A faithful copy of the data, pictures omitted, is the required answer.
+++ Data section
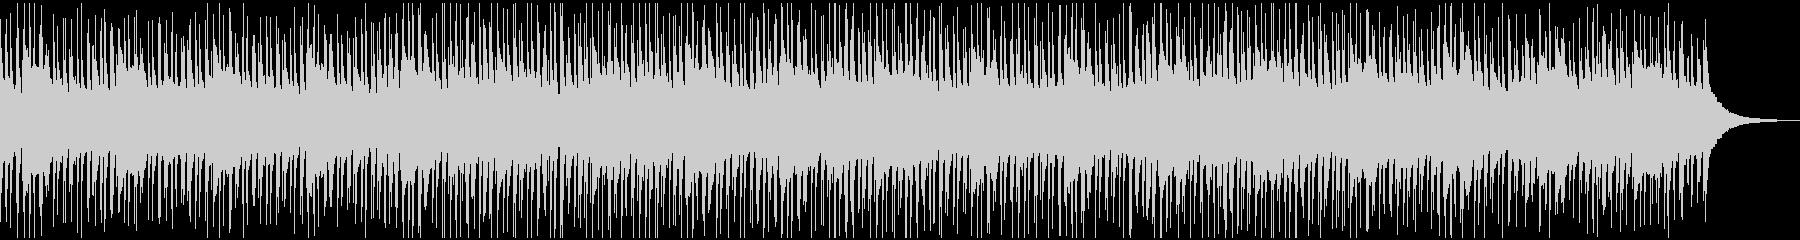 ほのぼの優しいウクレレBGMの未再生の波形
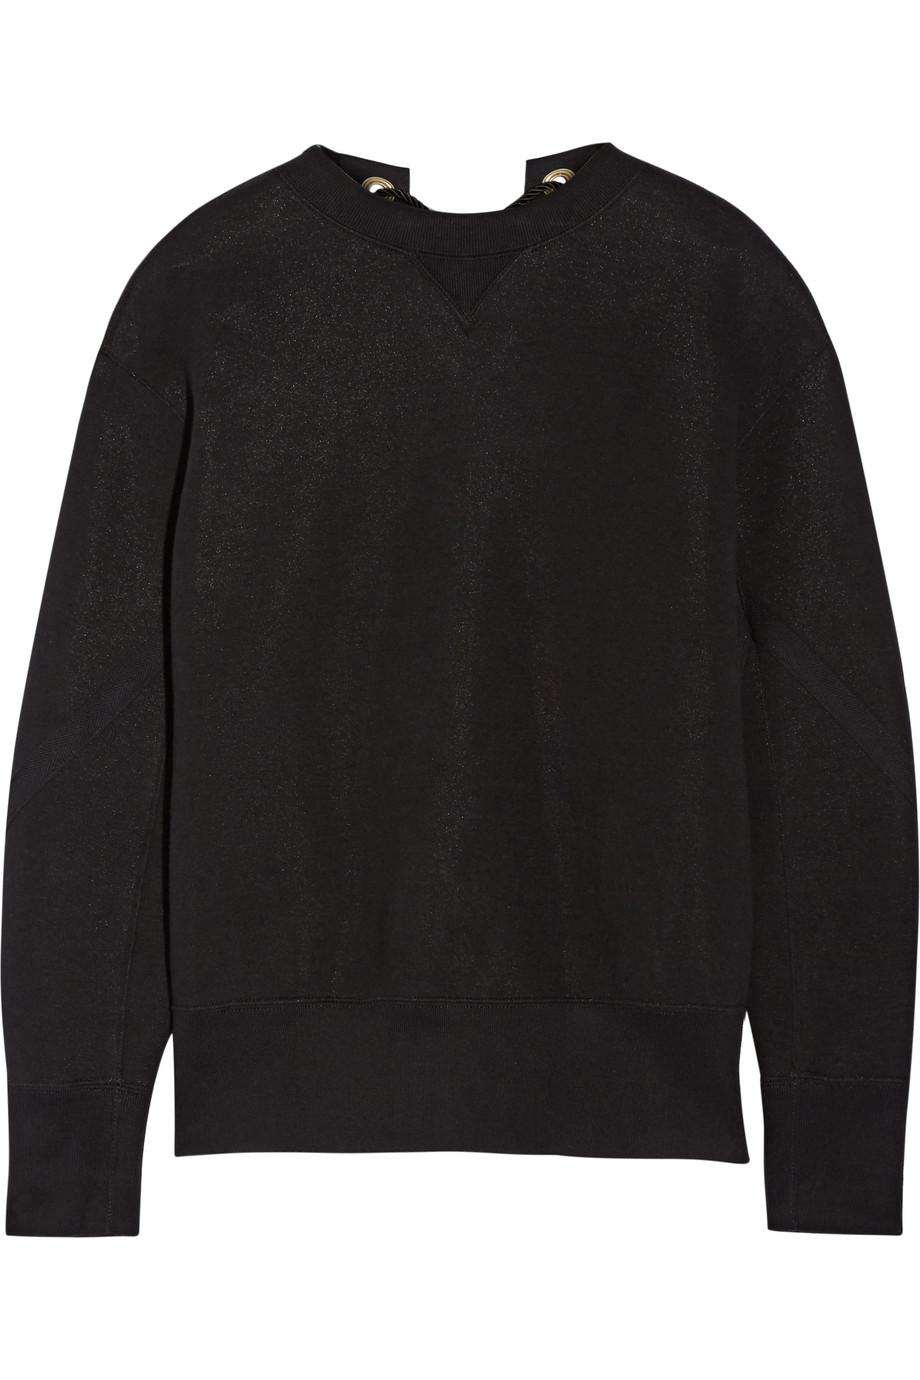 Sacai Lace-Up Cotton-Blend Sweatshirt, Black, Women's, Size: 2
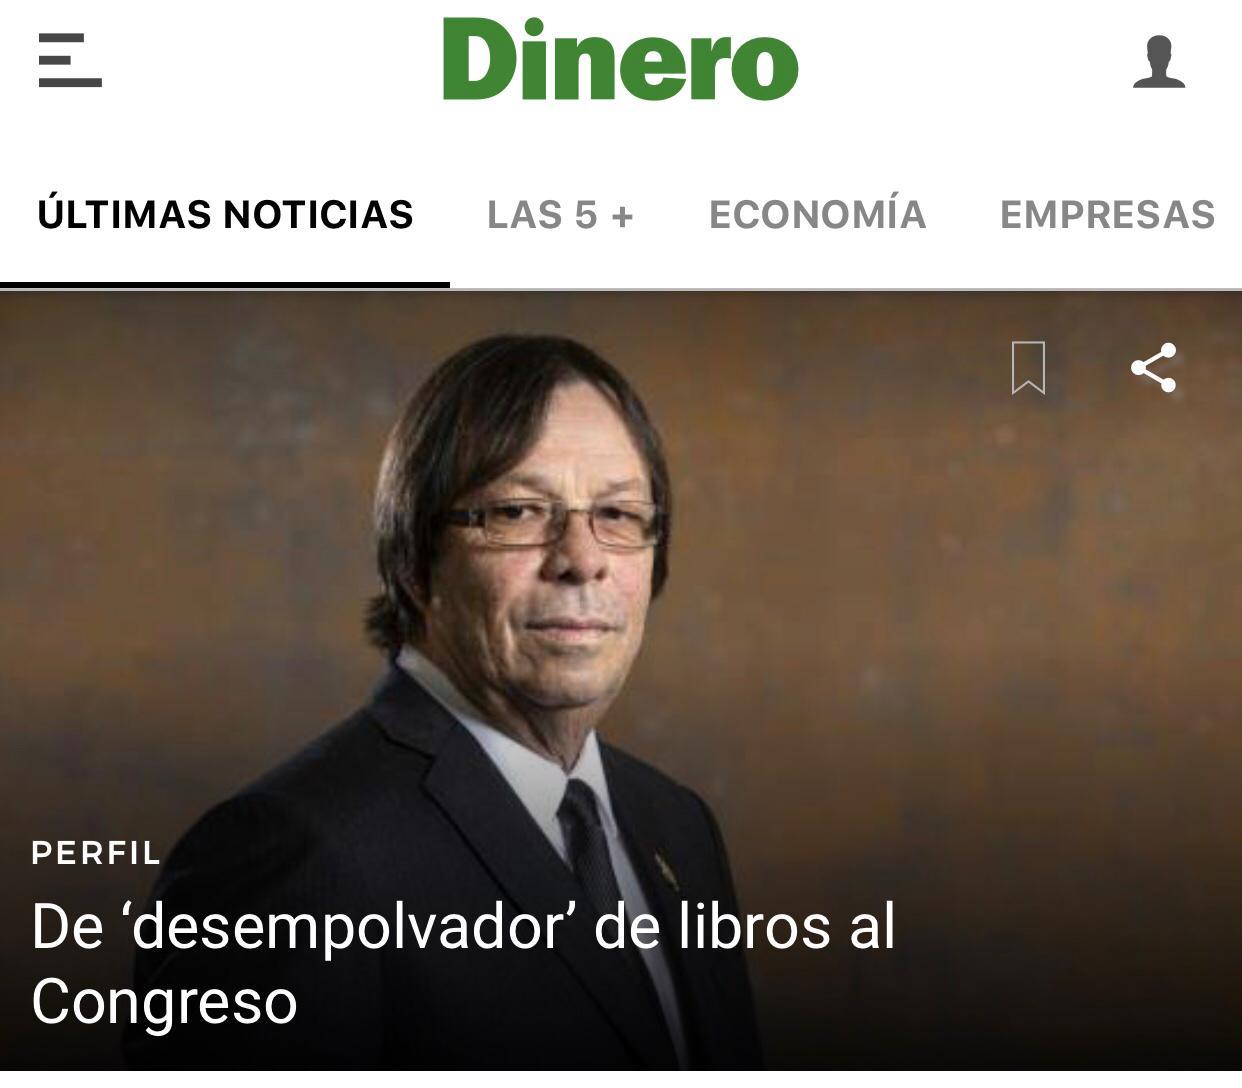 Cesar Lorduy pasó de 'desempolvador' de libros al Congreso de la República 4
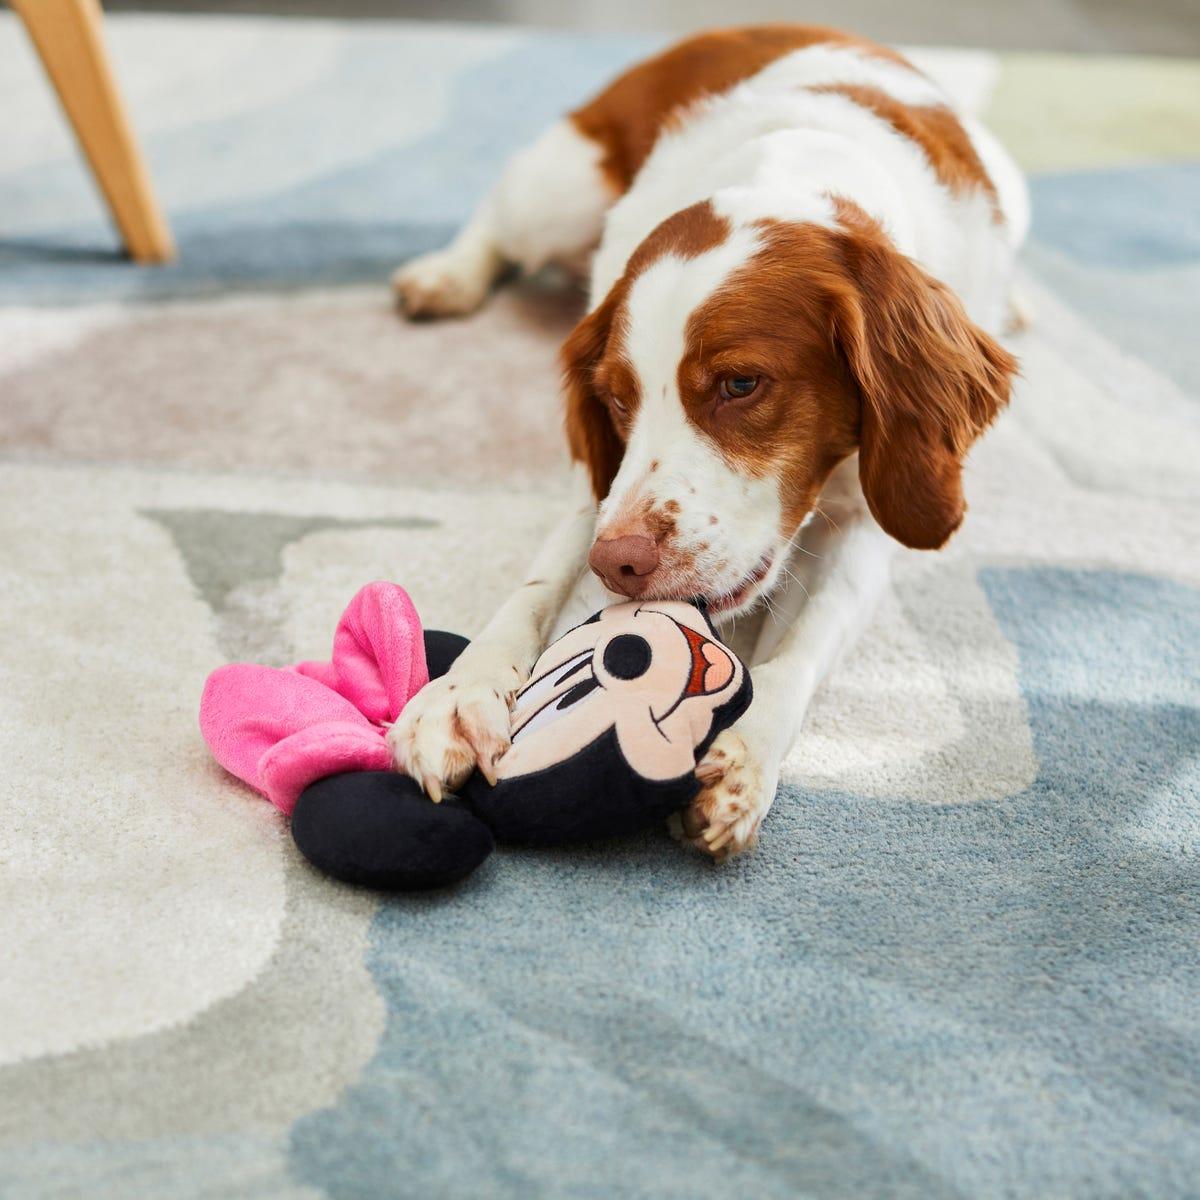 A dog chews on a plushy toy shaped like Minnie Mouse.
++++++
__Completed task__
 ほのぼの優しいウクレレBGMの未再生の波形
 Sacai Lace-Up Cotton-Blend Sweatshirt, Black, Women's, Size: 2
 Cesar Lorduy pasó de 'desempolvador' de libros al Congreso de la República 4
 A dog chews on a plushy toy shaped like Minnie Mouse.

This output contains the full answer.